Сергей Шхиян

Самурай

Глава 1

Всю ночь шел теплый летний дождь. К утру облака разогнал холодный восточный ветер и над землей поднялся густой туман. Они ехали, не превышая скорости, с включенными противотуманными фарами. Их было трое в машине, двое живых и один мертвый. Но его можно было не считать. На случай, если в машину заглянет какой-нибудь любопытный гаишник, покойника посадили на заднее сидение, закрепили ремнем и закрыли плащом. Его голова свешивалась на груди и, на первый взгляд, он выглядел не мертвецом, а спящим человеком.

Туман все сгущался. Теперь дорогу было видно метров на сто, но когда машина спустилась в ложбину, он загустел, словно прилип к ветровому стеклу. Сидевший за рулем Головин сбросил скорость и теперь ехал совсем медленно. Дорога была разбита до предела, машину трясло на плохих амортизаторах, и труп постоянно норовил завалиться на бок. Коконов его в шутку ругал, поворачивался на переднем сидение и усаживал его прямо.

— Уважаю я нашу страну, есть в ней какая-то спокойность и ширь, — от нечего делать рассуждал он. — Мне, к примеру, никакая Африка и даром не нужна. А ты, Голова, хотел бы жить в Африке?

Коконов был большим любителем пустопорожней болтовни и широких обобщений. Не дожидаясь реакции спутника, он продолжал:

— Вот ты, Голова, городской житель, тебе настоящего русского ландшафта не понять! А вот я на все школьные каникулы ездил к бабке в деревню, потому научился ценить лоно нашей природы.

Головина подмывало уточнить, сколько таких каникул было в жизни у Кокона, трое или четверо, но он побоялся вступать в спор с болтливым напарником и промолчал. На душе у него было муторно. Задание, которое они выполняли, ему очень не нравилось.

— Лично я жмуриков не уважаю, — продолжил болтать Коконов, которому было все равно, о чем говорить. Он очередной раз повернулся назад, чтобы поправить завалившееся тело, и обижено спросил:

— Вот чего он все время валится? Сидел бы как нормальный пацан! — добавил он, сам засмеялся своей шутке и тут же поменял тему разговора. — Ты как думаешь, есть тот свет или нет?

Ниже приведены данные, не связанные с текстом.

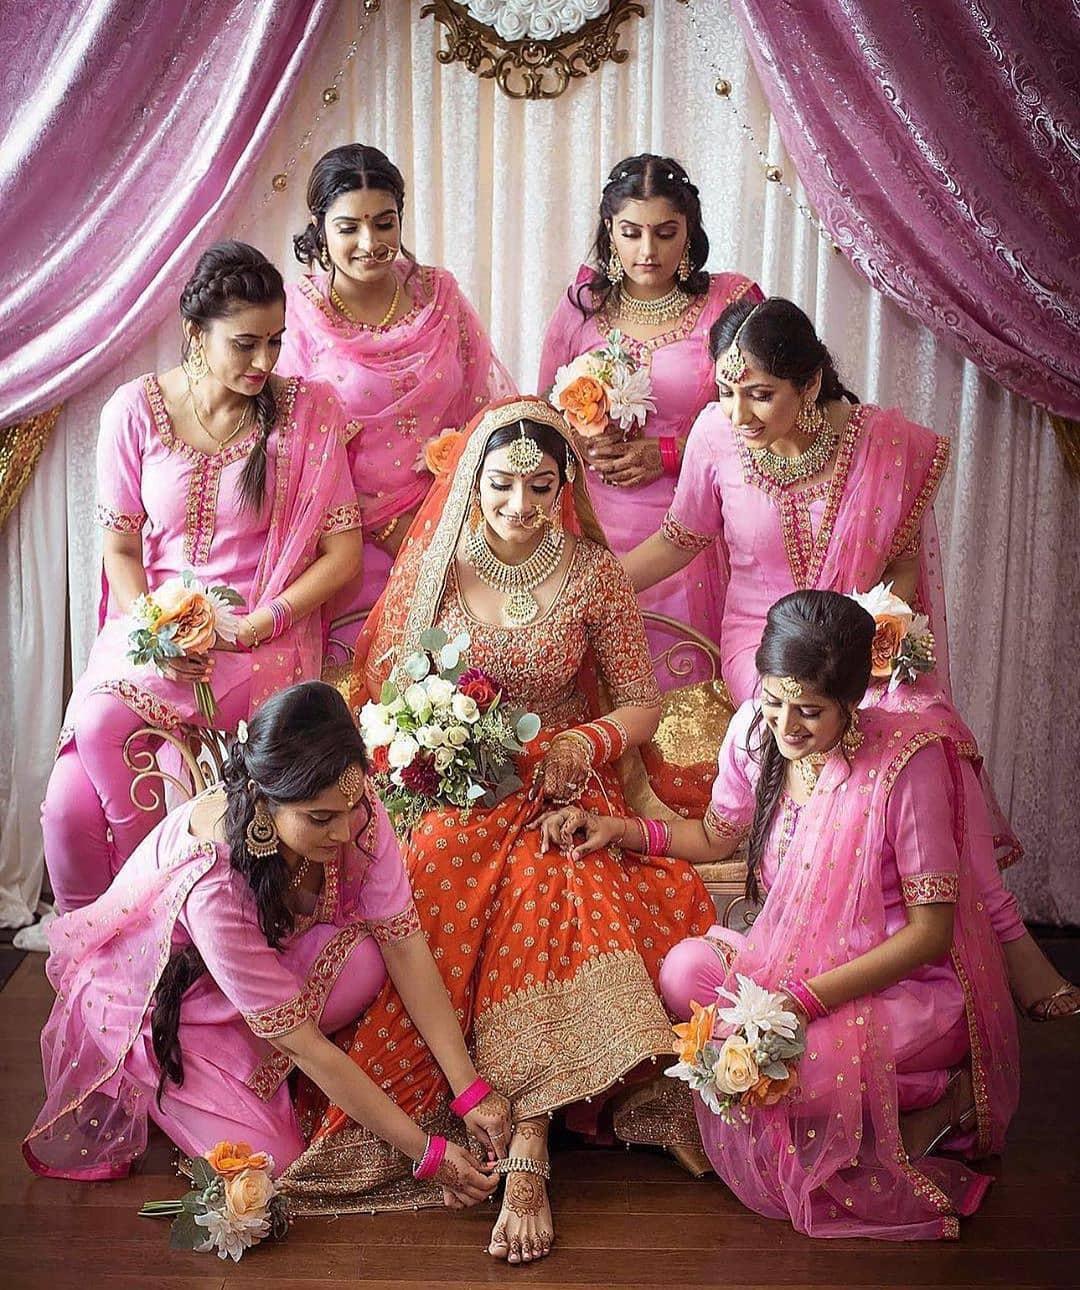 Indian Family Photos Any Wedding Album is Incomplete Without

— Заткнись, Кокон, — не удержавшись, взмолился Головин и поежился, — что ты все буровишь? И без тебя тошно!

Обсуждать загробное царство при мертвом человеке ему очень не хотелось.

— Ты думаешь, он с того света нас слышит? — продолжил трепаться напарник. — Интересно, что он про нас думает?

— Откуда я знаю, — рассердился Головин, — что ты все болтаешь! И без тебя голова пухнет!

— Чего ты. Голова, сегодня такой нервный? Большое дело, дохляка закопать. Интересно, кто он такой?

Головину тоже было интересно, кого они везут в машине. Любопытство вызвало уже то, что их шеф Ленька Карась, поручил им увезти тело от Москвы не меньше чем за пятьдесят километров и зарыть в безлюдном месте. Головину было непонятно, зачем нужно рисковать, везти убитого так далеко, когда трупп можно было без проблем утопить в реке или зарыть на любой городской свалке. Возить покойников всегда опасно, мало ли как выпадут карты, любая дорожная проверка может кончиться большими неприятностями. Понятно, что от большинства гаишников можно откупиться, но за провоз трупа мало не возьмут, а платить Головин не любил.

Впрочем, бандиты не преминули подстраховаться, водрузили на багажник потрепанной «Волги» облезлый буфет, чтобы выглядеть обычным дачником, свозящим старую мебель на свои шесть соток. Это самый лучшим способ маскировки. Гаишники такие машины игнорируют. Ход оказался оправданным, и они пока ехали без осложнений.

— Здорово его уделали, — продолжал разглагольствовать Коконов, опять выравнивая убитого, — по виду-то мужикто здоровый, видать сильно брыкался.

— Кокон, ты меня достал! — не выдержав, закричал на напарника водитель. — Что ты все время болтаешь, лучше музыку слушай!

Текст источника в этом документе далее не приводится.